–noun
1. a prehistoric cave dweller
Dictionary.com Unabridged (v 1.1), © Random House, Inc. 2006
-jargon (Commodore)
1. A curmudgeon attached to an obsolescent computing environment.
The Free On-line Dictionary of Computing, © 1993-2007 Denis Howe
I'm currently debating the value of the mobile phone. I'm waaaaay beyond the whole etiquette/ privacy thing. I'm not even questioning the validity of the mobile phone – Lord knows it's here to stay. What I'm debating is the value of the newer features.
Take the MP3 feature for instance. I love the idea of taking all the small, hand held bits of gadgetry and combining them into one gadget (that is easy to lose). I'm so down with the phone, the PDA and the MP3 player combo. What I *hate* about this fabulous MP3/phone combo is that people have figured out how to turn mobile phones into ghetto blasters. It's irritating to listen to Britney Spears – period. It's downright grating to listen to people shouting over Ms Spears while blasting it out of their phones. What on God's green earth is the point? There are so many dumb asses in the world and this new technology lets people advertise just how low their IQ really is. Charming.

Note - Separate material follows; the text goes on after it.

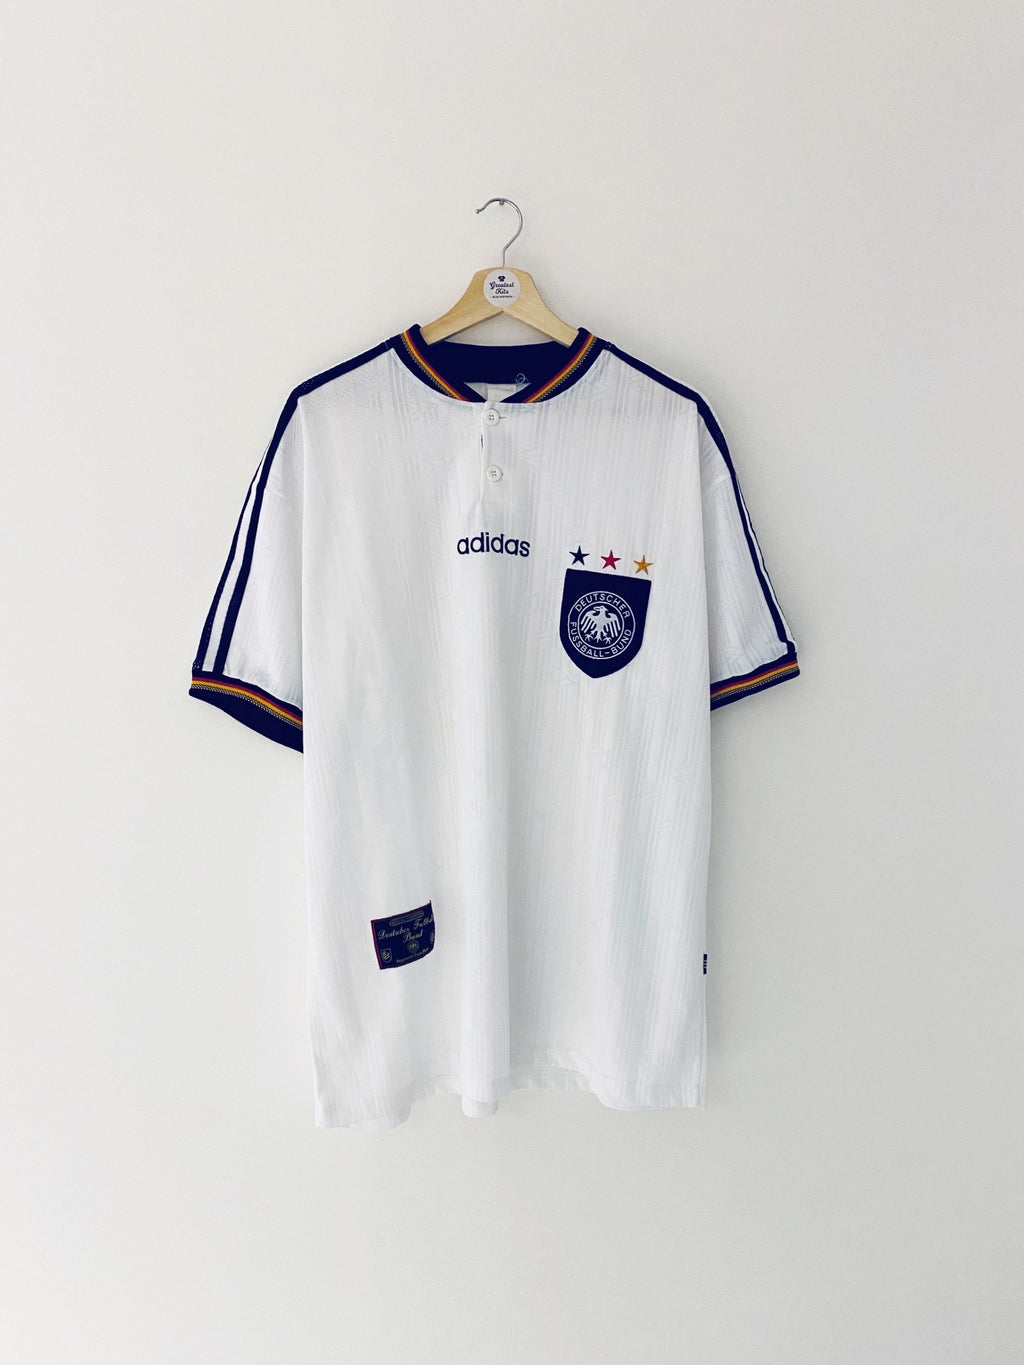 1996/98 Germany Home Shirt (XL) 9/10

On the flip side, the video camera offers one of the coolest things I've seen regarding mobile technology to date. Until recently, I wasn't jazzed about the built-in video camera. I saw the ads on TV and promptly forgot them because it had no relevance to my life. I basically use my mobile as a pager/answering machine and appointment reminder. (Hence the troglodyte bit.) The deaf, however, have had worlds opened up to them because of new technology. IMs and text messaging has been an invaluable interface between hearing and non-hearing folks. But did you know that deaf people can use the video cams on their mobiles to talk to each other? Isn't that the coolest damn thing EVER? I was witness to this phenomenon one day on the trolley. I sat behind a kid who took a phone call from a woman who was probably his mother. It looked like they were having the typical "where are you…" convo with their hands. I tried not to stare, well, since eavesdropping is impolite, but I couldn't help it. I think in the end, she told him that I was "listening" since she could see me peeking over his shoulder on his video cam. It was pretty embarrassing to get caught like that, but who'd'a thunk? (Again, I must be a troglodyte if I'm not creative enough to think of these things myself.)
So typical of technology, there are pros and cons to every new feature and development. I'm a convert to the usefulness of the video cam (if not for me) and I loathe the mobile phone as a ghetto blaster. I just ask the developers of mobile phone technology to find a way to prevent downloads of crappy pop music to the mobile before I start smashing the damn things.